Pilwalkot Kota Makassar sendiri diikuti empat pasangan calon, yakni pasangan calon nomor urut 1 Munafri Arifuddin- Aliyah
Mustika (319.112 suara), pasangan calon nomor urut 2 atas nama Andi Seto Gadhista Asapa- Rezki Mulfiati Lutfi (162.427 suara), pasangan calon nomor urut 3 Indira Yusuf Ismail-Ilham Fauzi Ari A Uskara (81.405 suara), dan pasangan calon nomor urut 4 Muhammad Amri Arsyid-Abd. Rahman Banda (20.247 suara).
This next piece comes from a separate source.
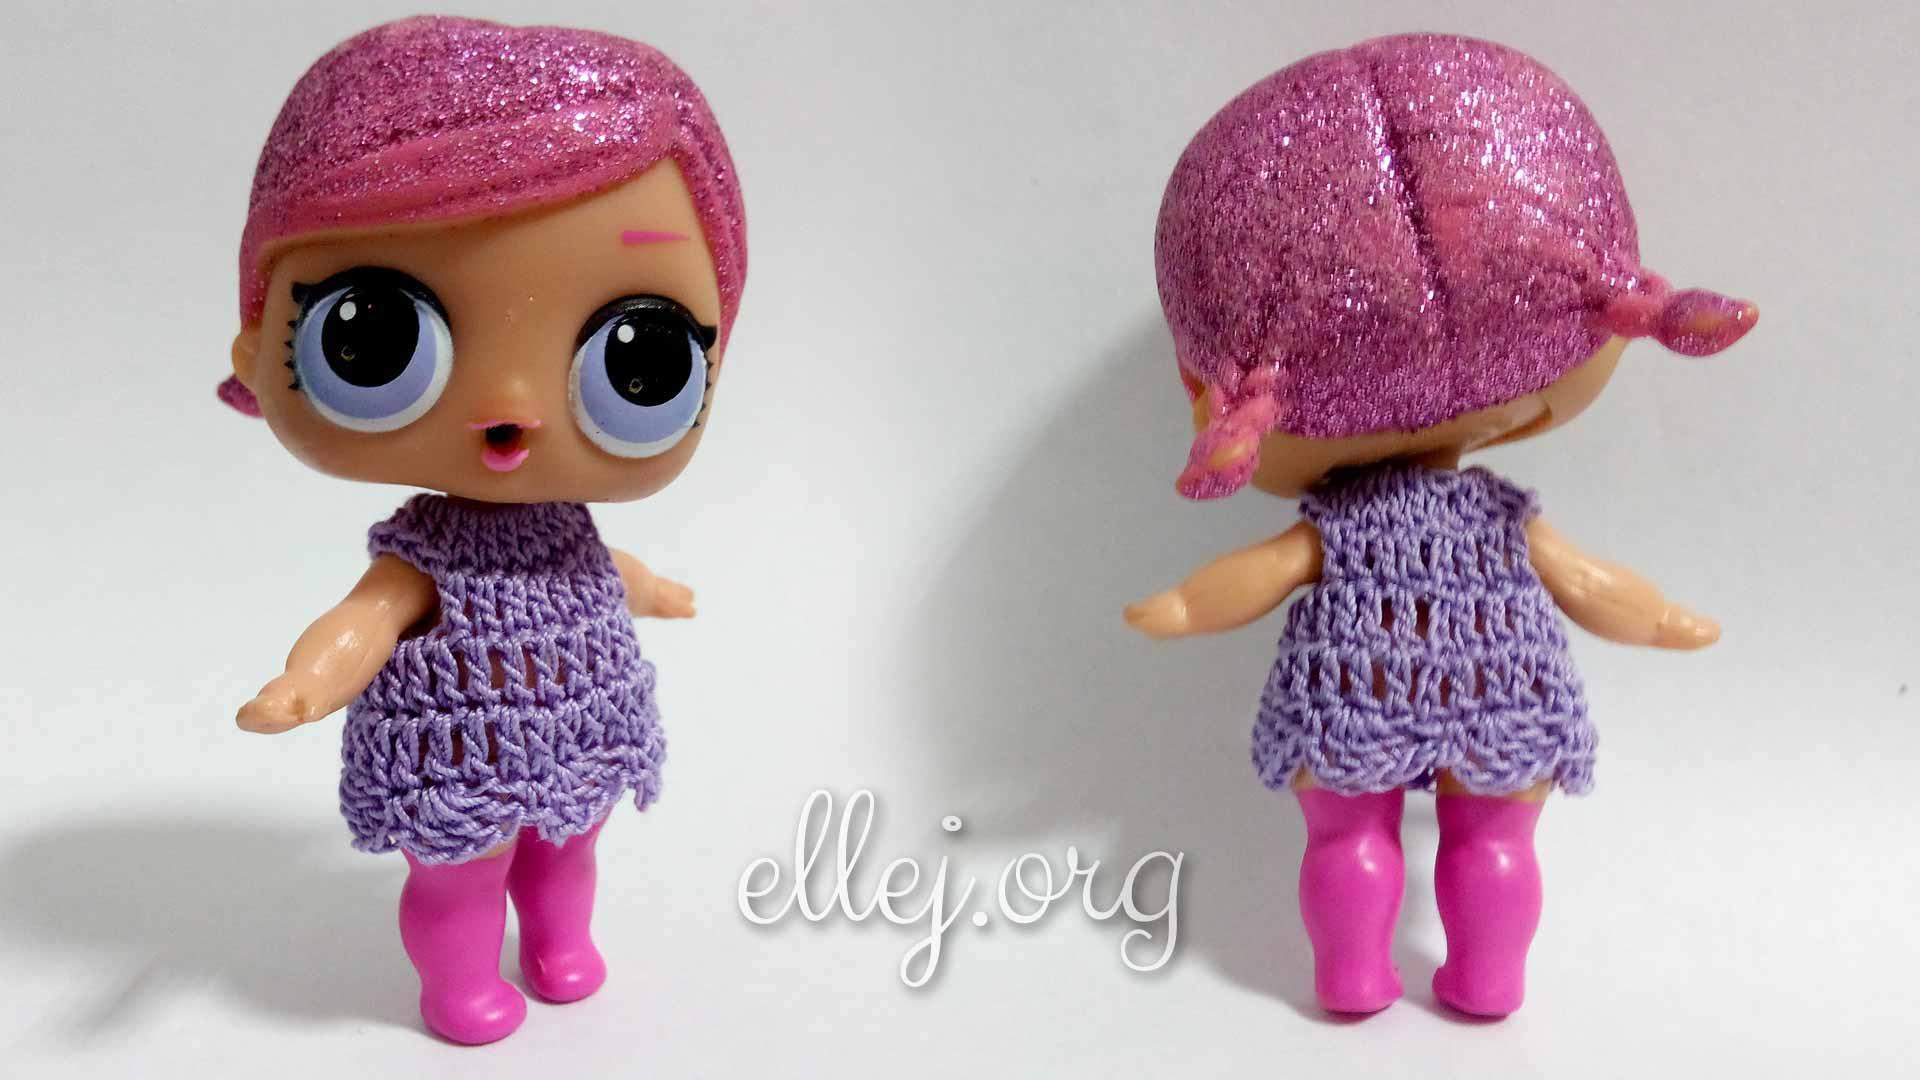 Крохотное платье для куклы L.O.L. крючком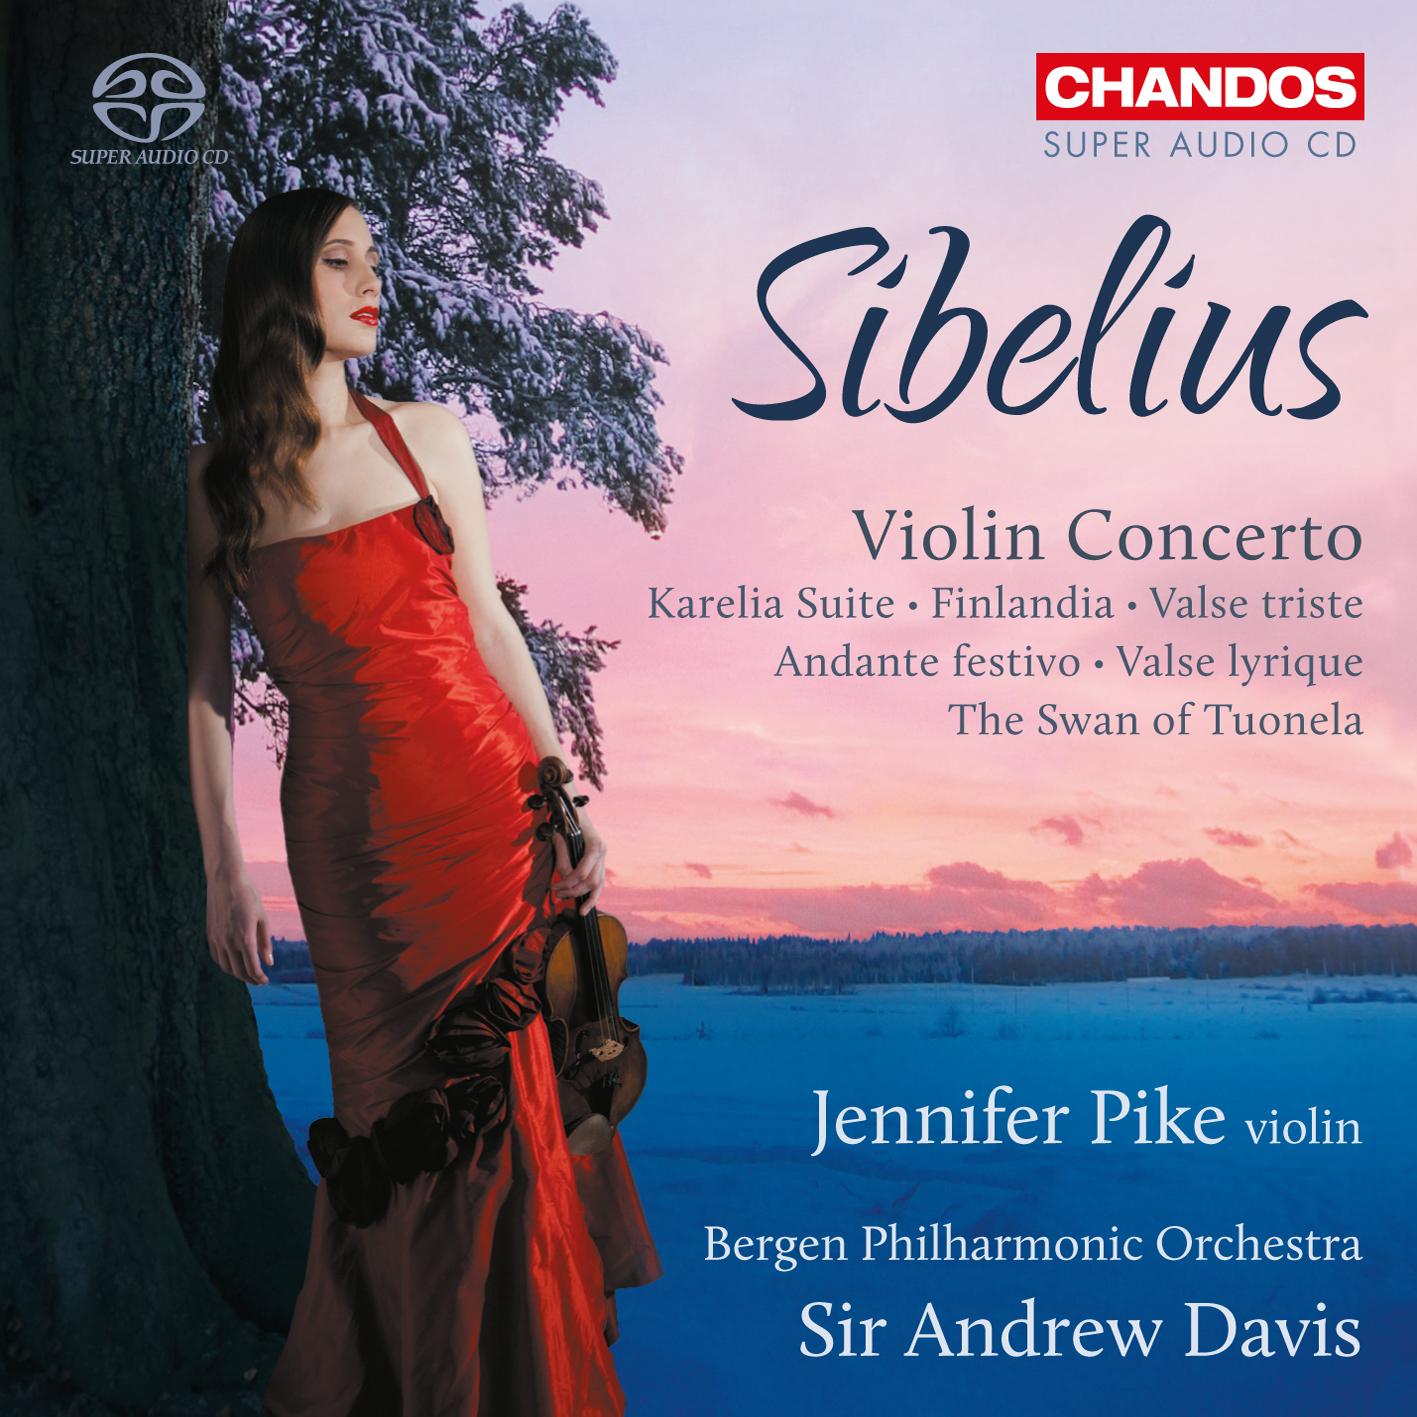 Image result for CHANDOS SIBELIUS violin concerto

Dalam pokok permohonannya, Pemohon menilai adanya dugaan pelanggaran dengan melibatkan Kelompok Penyelenggara Pemungutan Suara (KPPS) yang terafiliasi pada pasangan calon tertentu.

Komisi Pemilihan Umum (KPU) Kota Makassar selaku Termohon yang diduga menghambat pemilih untuk menggunakan hak pilihnya. Salah satu yang didalilkan Pemohon adalah dugaan KPU Kota Makassar menyulitkan pemilih dan menguntungkan pasangan calon tertentu dengan menentukan TPS yang berjauhan dari alamat pemilih. Termasuk menempatkan pemilih dalam satu kartu keluarga (KK) di TPS yang berbeda-beda.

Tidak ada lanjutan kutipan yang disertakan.